On November 4, 1980, President Jimmy Carter went on television to concede to Ronald Reagan. The polls hadn't closed in California yet, but it was obvious Reagan had won. Before his speech, Carter sent Reagan a telegram. “It's now apparent that the American people have chosen you as the next president,” it read. “I congratulate you and pledge to you our fullest support and cooperation...”
Concession telegrams had been de rigueur for decades, but Carter added an additional flourish. He gave Reagan an unexpected call. The president-elect had just gotten out of the shower, and he picked up the phone in the bathroom, “with a wrapped towel around me, my hair dripping with water,” to accept Carter's congratulations.
Thus, in his eagerness to show himself a graceful loser, Carter enshrined the awkward concession phone call in American election tradition.
In these final weeks of the 2016 election, reporters have asked if Donald Trump if he’ll concede, in the event of a Republican loss, and the answer hasn’t been exactly clear. But if the loser of tonight's election doesn't pick up the phone to congratulate the winner, it'll be seen as a dramatic, petty snub. “The loser alone can truly congratulate the winner,” writes historian Paul E. Corcoran.
Nobody likes making the concession phone call: in the last election, President Obama, “unsmiling...and slightly irritated when it was over,” reportedly didn't even enjoy receiving the call from Mitt Romney. But since Carter, it's been unavoidable.
Presidential candidates didn't always concede elections: the practice only goes back to the late 1800s. Democratic nominee William Jennings Bryan was the first candidate to send his opponent a concession telegram, and by 1916 it was expected that the election's loser would write to the winner. Timeliness was expected as well: Woodrow Wilson was miffed that his opponent that year, Charles E. Hughes, didn't send him a note until weeks after the election.
Four-time New York Governor and Democratic presidential candidate Al Smith is sometimes given credit for the modern routine: In 1928 he sent Herbert Hoover a congratulatory message but also gave a public concession speech on the radio.
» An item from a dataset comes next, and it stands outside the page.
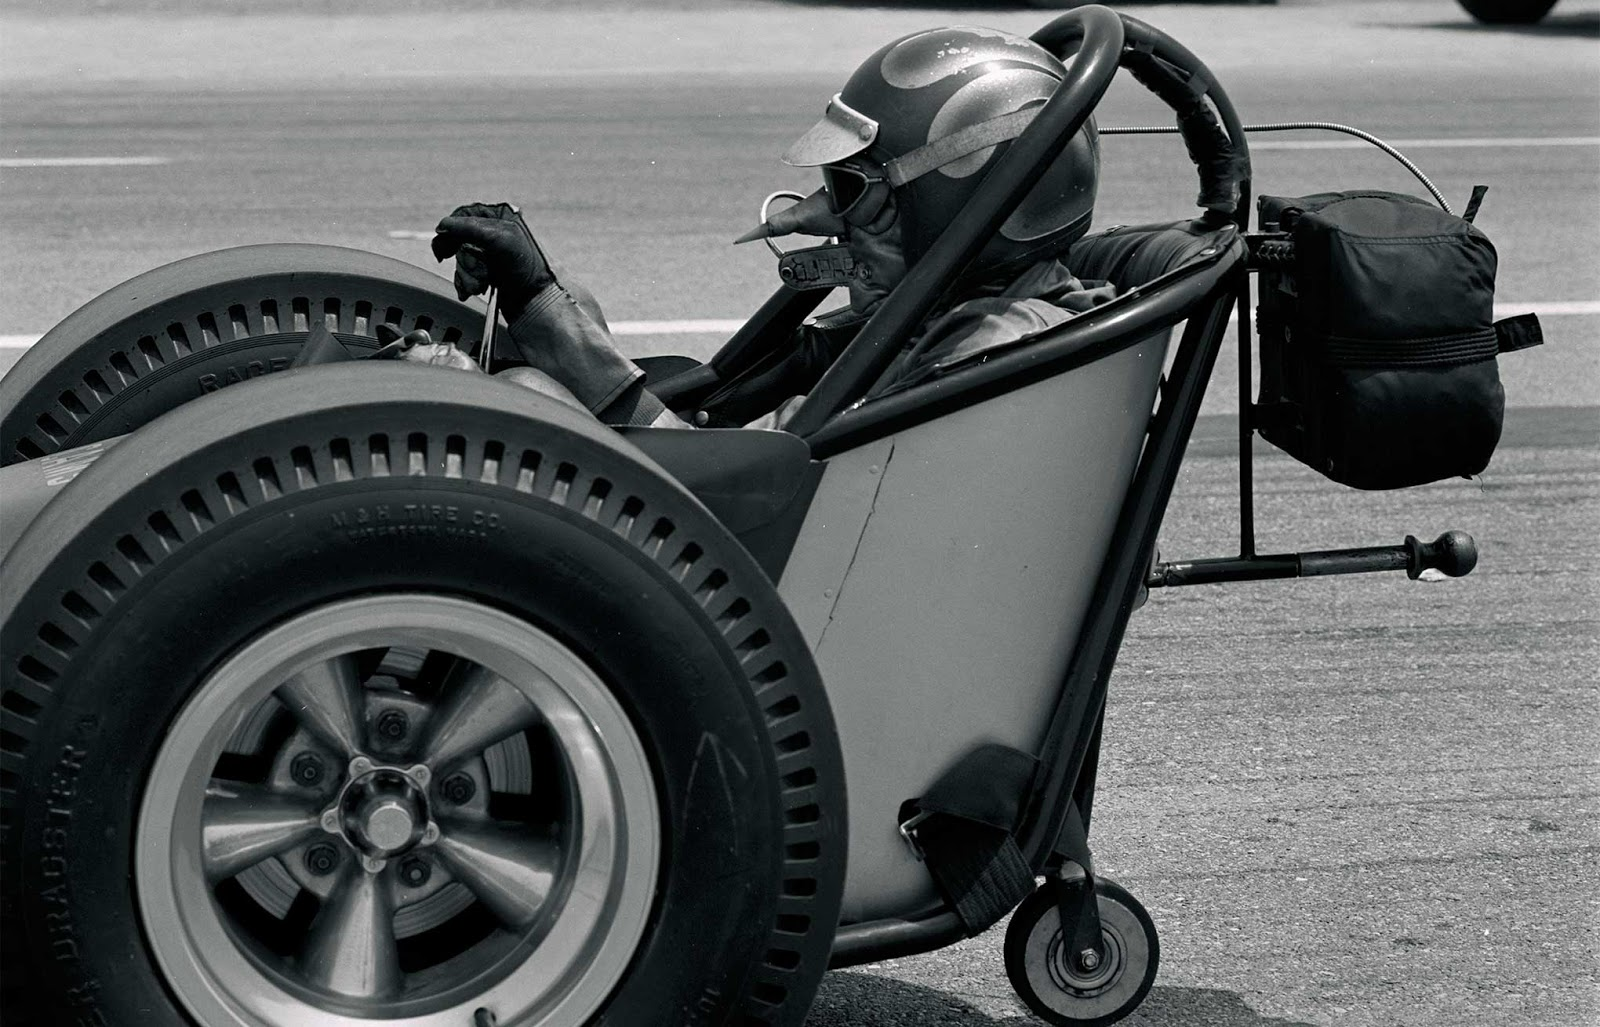 Http://www.hotrod.com/articles/nascar Bans 426 Hemi Sohc Ford  Launch Wild 1965 Racing Season/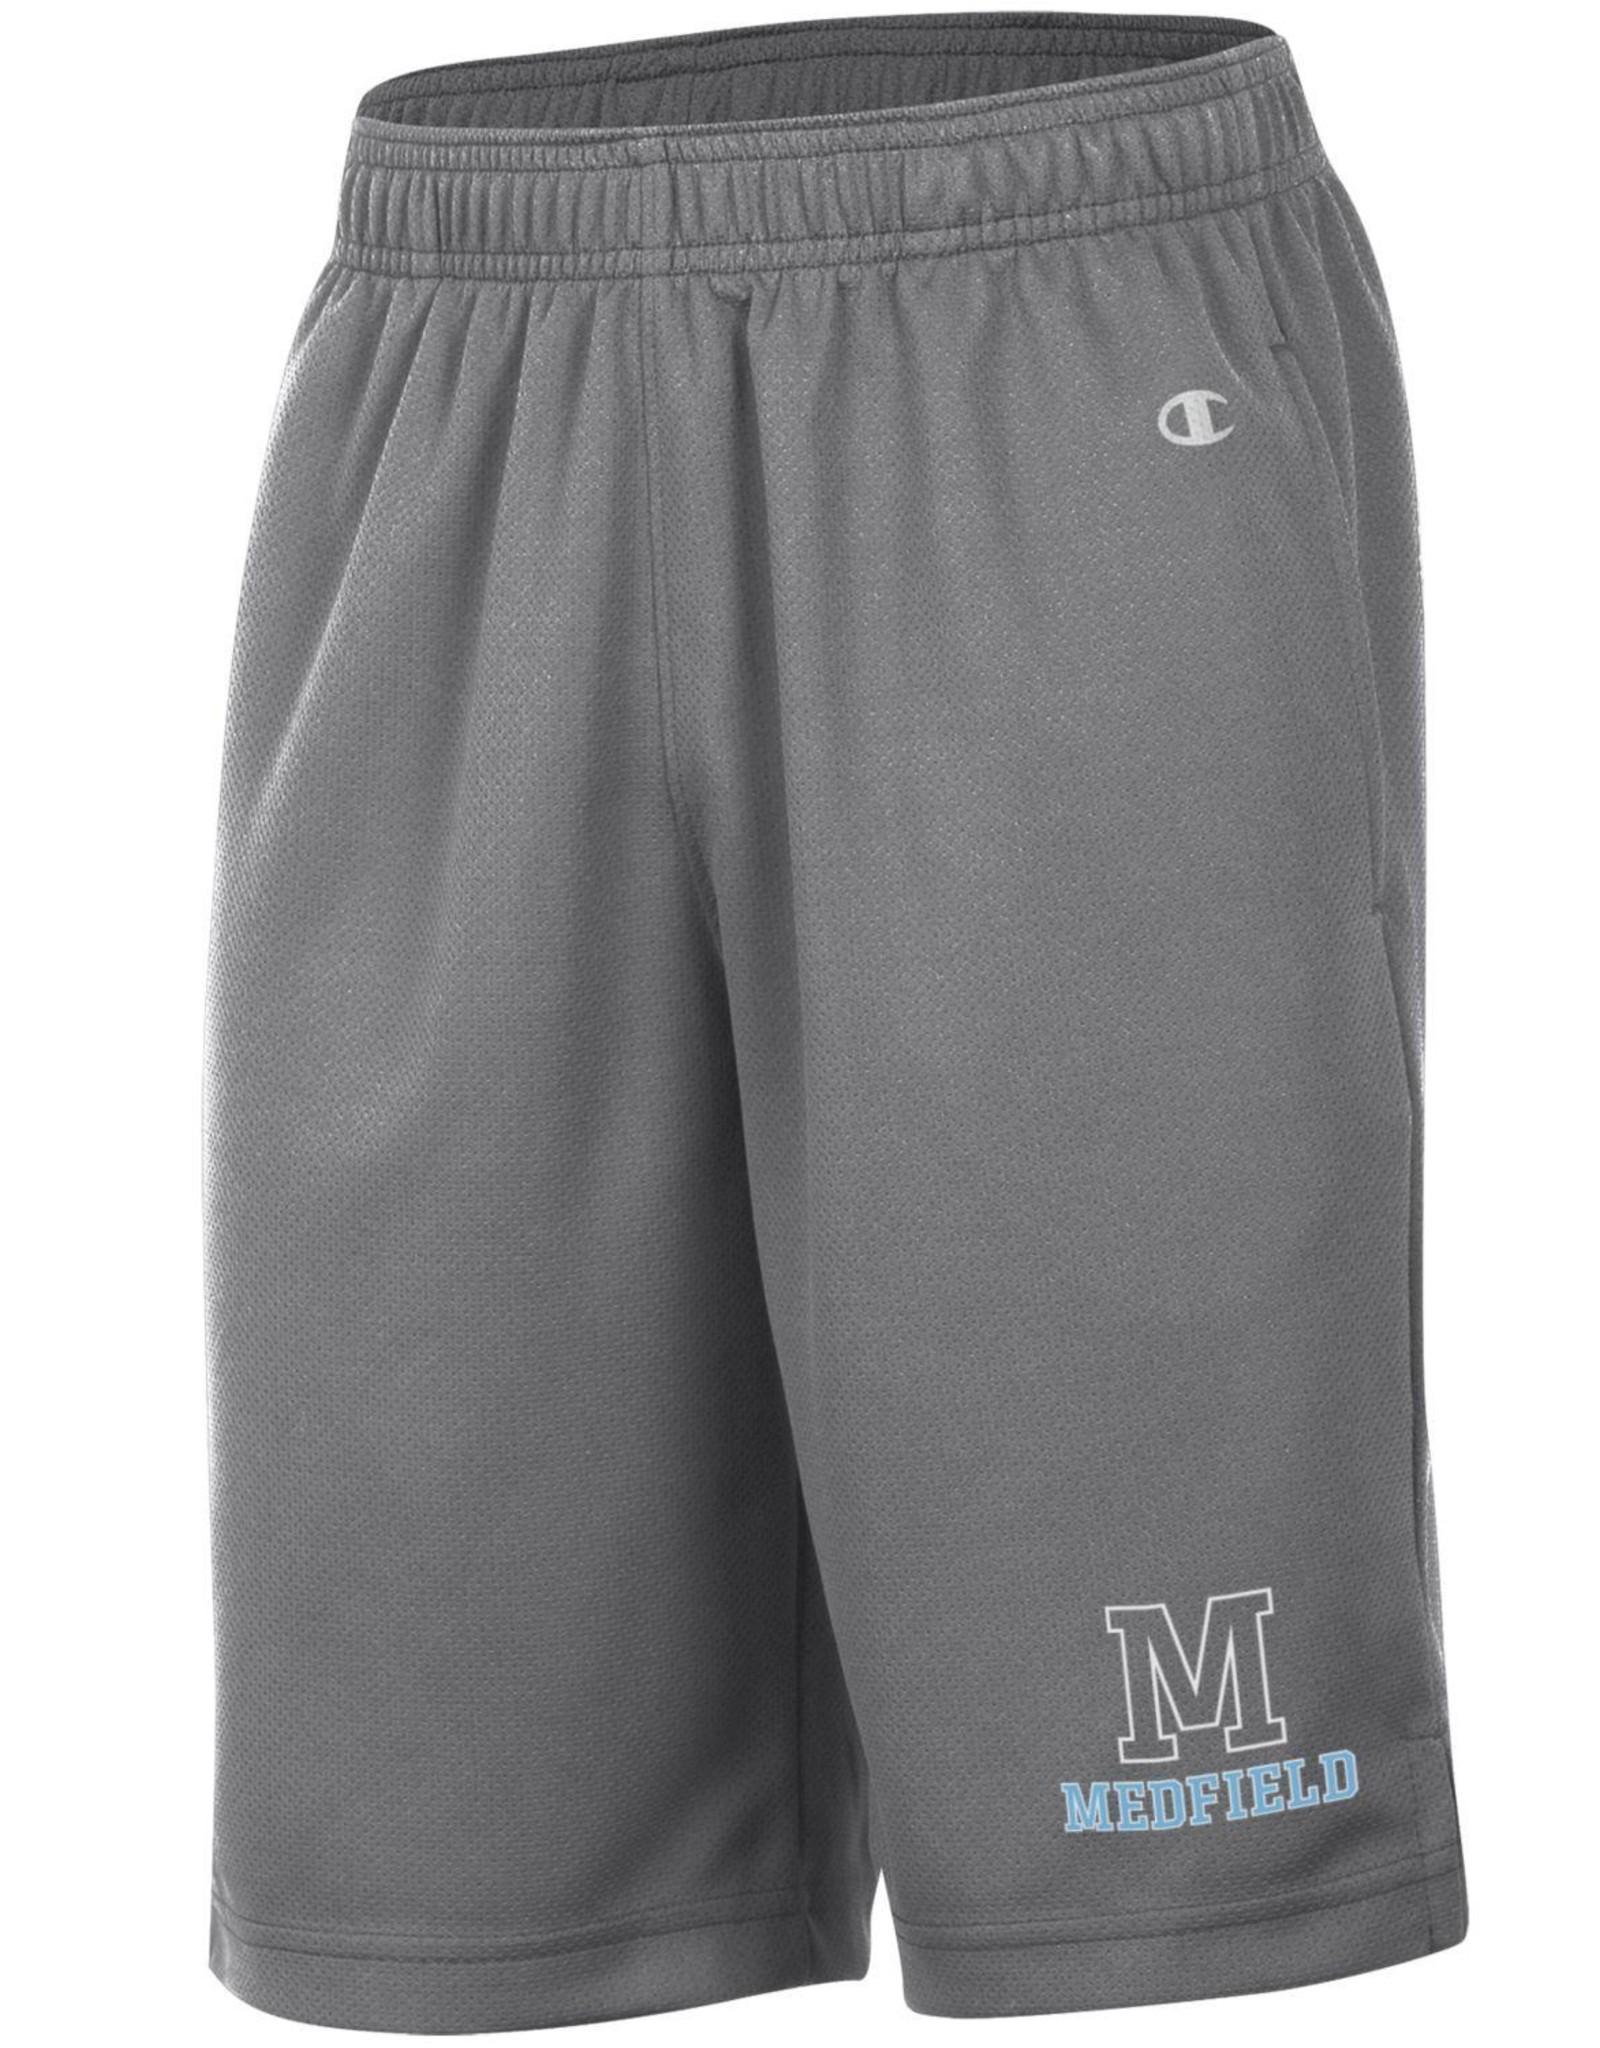 Champion - Youth Mesh Shorts

In 1940 Republican nominee Wendell Willkie's concession speech was the first to be televised; in 1944, Franklin D. Roosevelt was insulted when Thomas Dewey never sent him a telegram congratulating him on his victory.
The defeated candidates would often read the telegrams they sent as part of their concession speeches, and sometimes those missives were used to make a political point. Goldwater wrote to Lyndon B. Johnson that the Republican Party “remains the party of opposition when opposition is called for. There is much to be done with Vietnam, Cuba, the problem of law and order in this country, and a productive economy.”
Usually the messages struck a note of reconciliation, like Ford's to Carter, in 1976:
By contrast, the concession phone call happens in private; the candidate rarely reports what happened verbatim. Carter didn’t inaugurate the practice; after losing to Nixon in 1968, Vice President Hubert Humphrey both sent a telegram and picked up the phone. Nixon was known for being a sore loser, but he was a gracious enough winner. “I know how it feels to lose a close one,” he told Humphrey.
In 1972, though, Democratic presidential nominee George McGovern couldn’t bring himself to actually talk to the hated Nixon when he lost. He only sent a telegram. (Humphrey actually called Nixon again, to congratulate him on his re-election.)
Since Carter, though, the call has been expected. When former Democratic Vice President and nominee Walter Mondale called Ronald Reagan, the sitting president was fully dressed. Democratic candidate Michael Dukakis called George H.W. Bush to “congratulate him on his victory.” George Bush, Sr., gave Bill Clinton “a generous and forthcoming telephone call, of real congratulations.” Four years later, Bob Dole called Clinton, and he reported in true Southern fashion that, “We had a good visit.”
Al Gore infamously called George W. Bush to concede—then called back to rescind. Democratic nominee John Kerry waited until the day after the election, after a long night of vote-counting in Ohio, to call Bush and congratulate him. Republican John McCain said calling Barack Obama to congratulate him on his victory was “a honor.” (Classy!) Mitt Romney called the president and told him he had done a good job at turning out his voters. (Less classy.)
This cycle, even the day before the election, reporters were hearing that Donald Trump hasn’t decided what tone a concession might take, if he has to concede. It’s hard to imagine how painful it would be for Hillary Clinton to make that phone call, too. Perhaps this cycle, the candidates will update the form of the election concession once again. Telegrams are too old-fashioned to make a come-back, so instead of a concession phone call, should we expect a concession tweet?